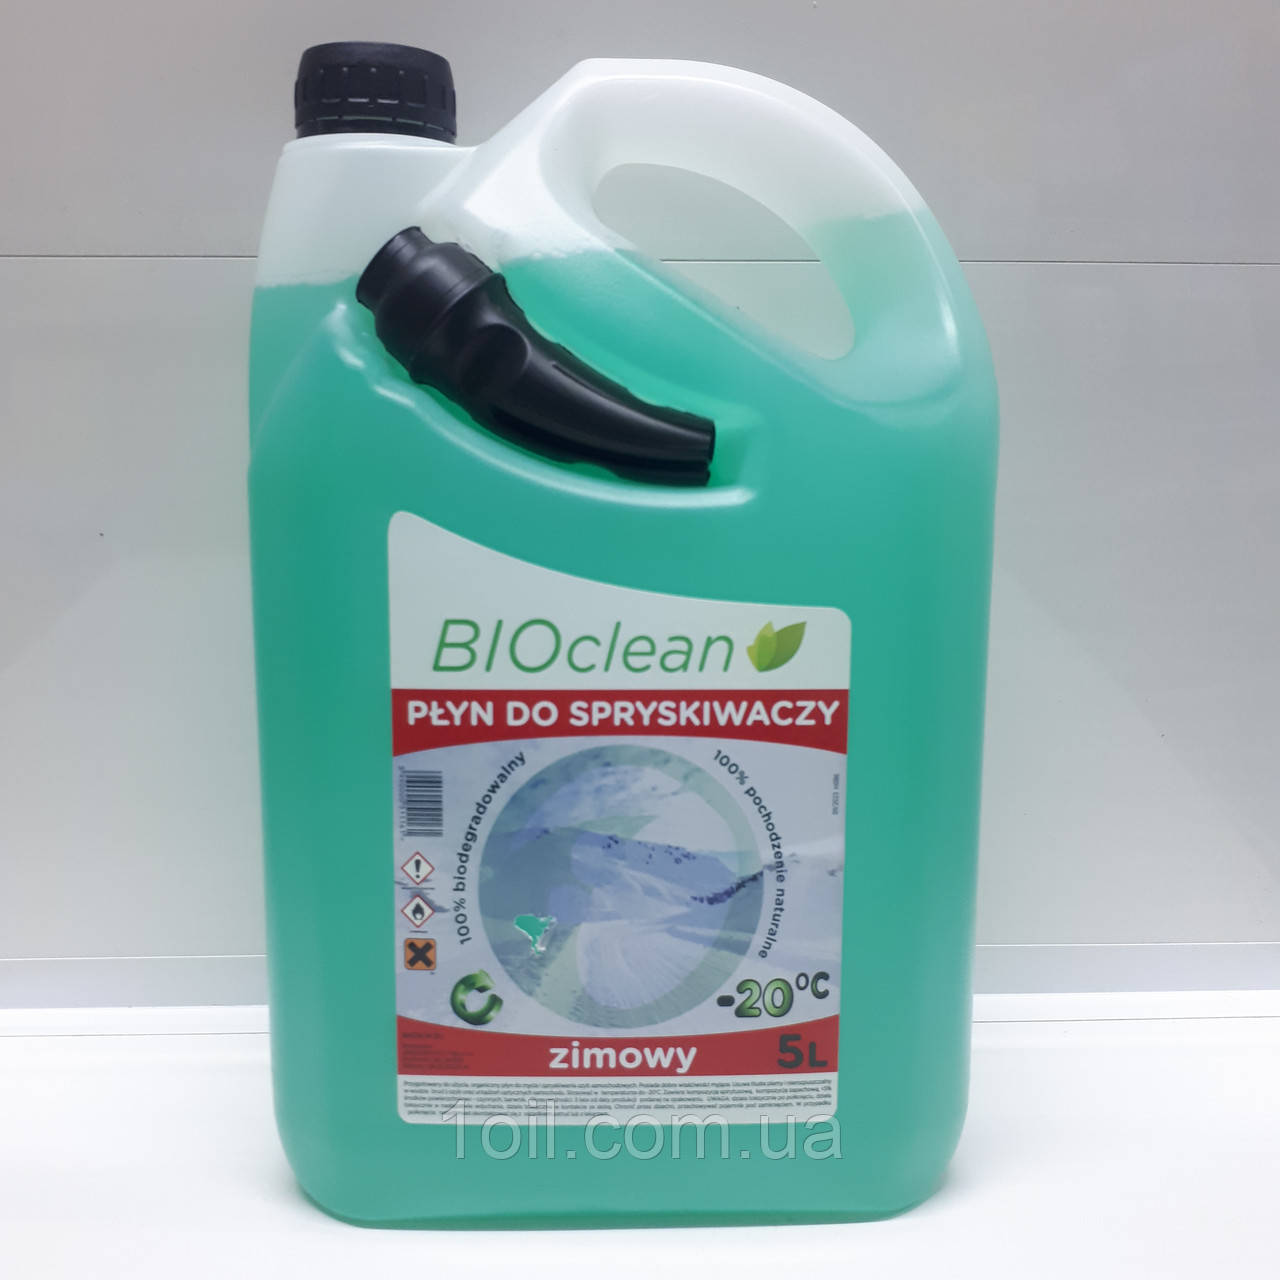 Очищувач скла BIOclean (Польща) -20°C 5кг
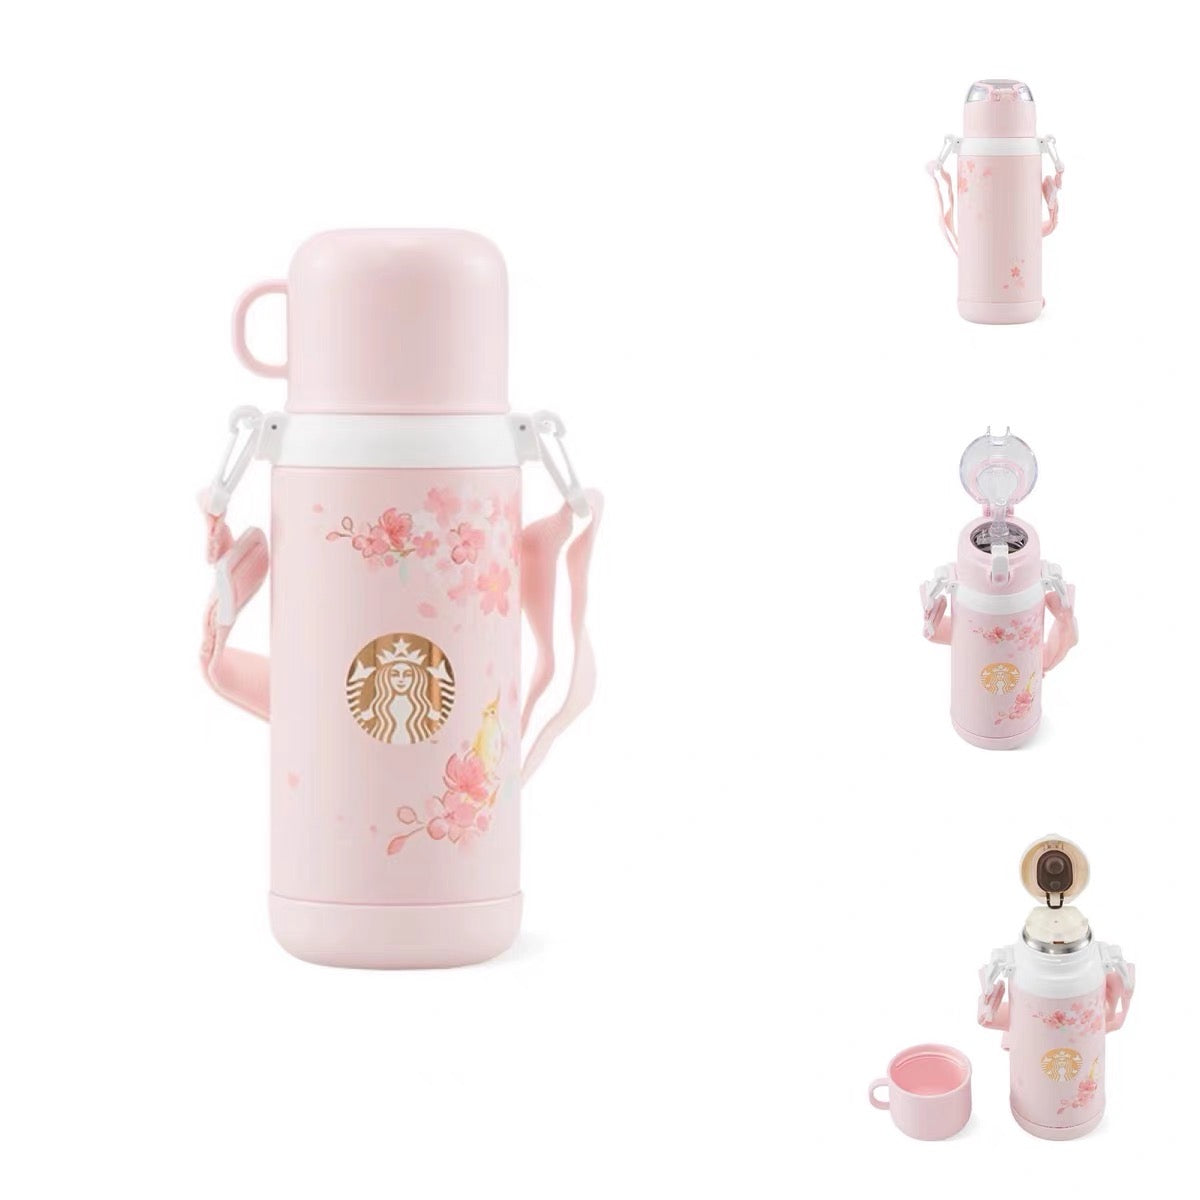 Starbucks × Thermos China 2022 Sakura Season 550ml pink sakura with bird vacuum cup（2 ways to use）
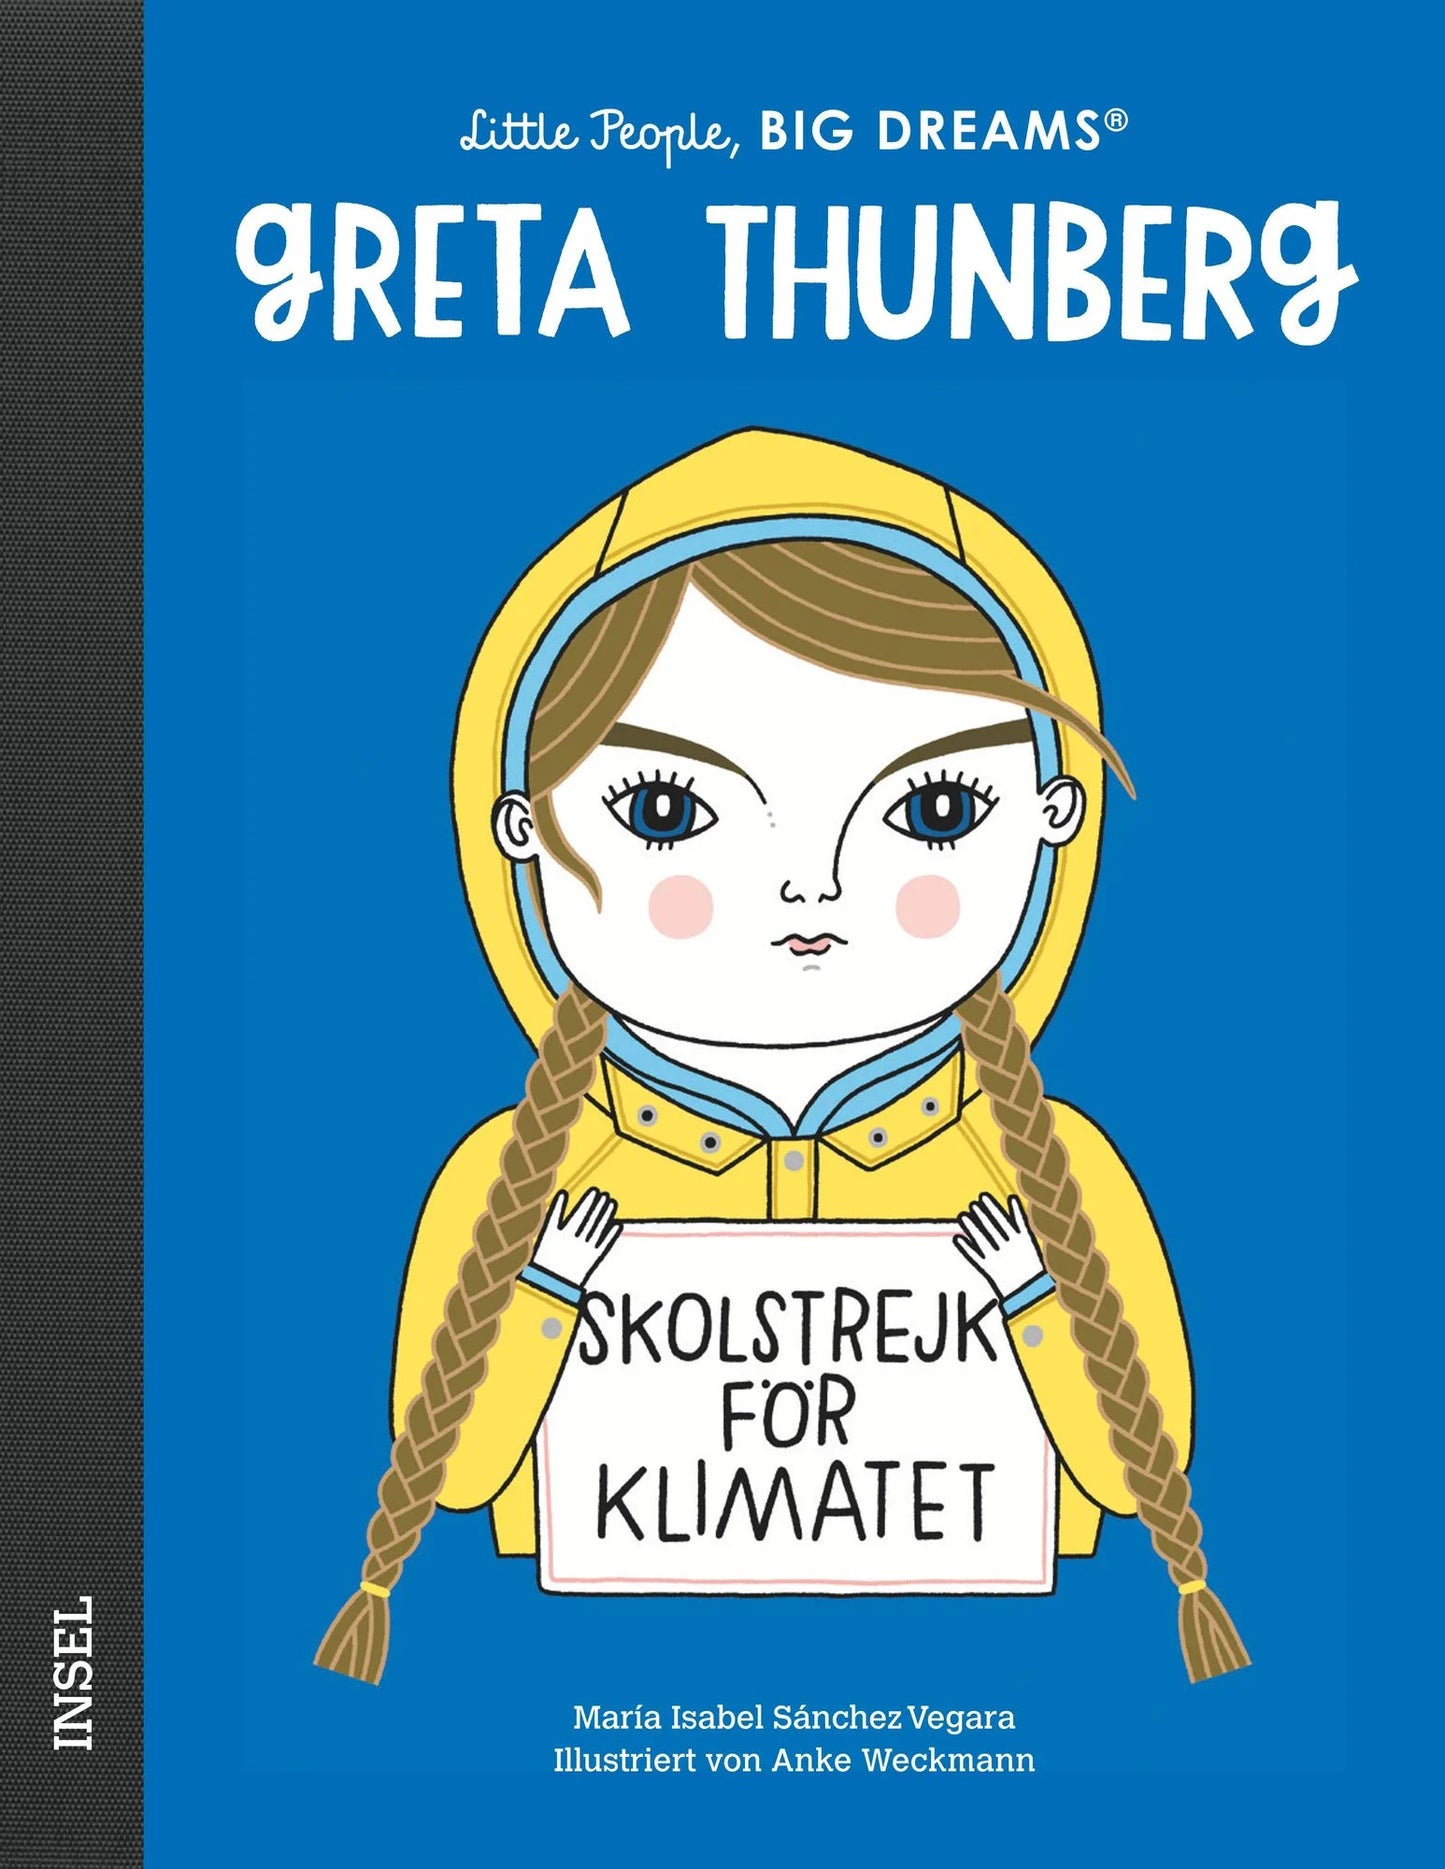 Little People, Big Dreams, Greta Thunberg

**Your instructions:**
No pictures belong in the answer; copy all other parts of the listing exactly.

**Answer box:**
 Очищувач скла BIOclean (Польща) -20°C 5кг
 Starbucks × Thermos China 2022 Sakura Season 550ml pink sakura with bird vacuum cup（2 ways to use）
 Little People, Big Dreams, Greta Thunberg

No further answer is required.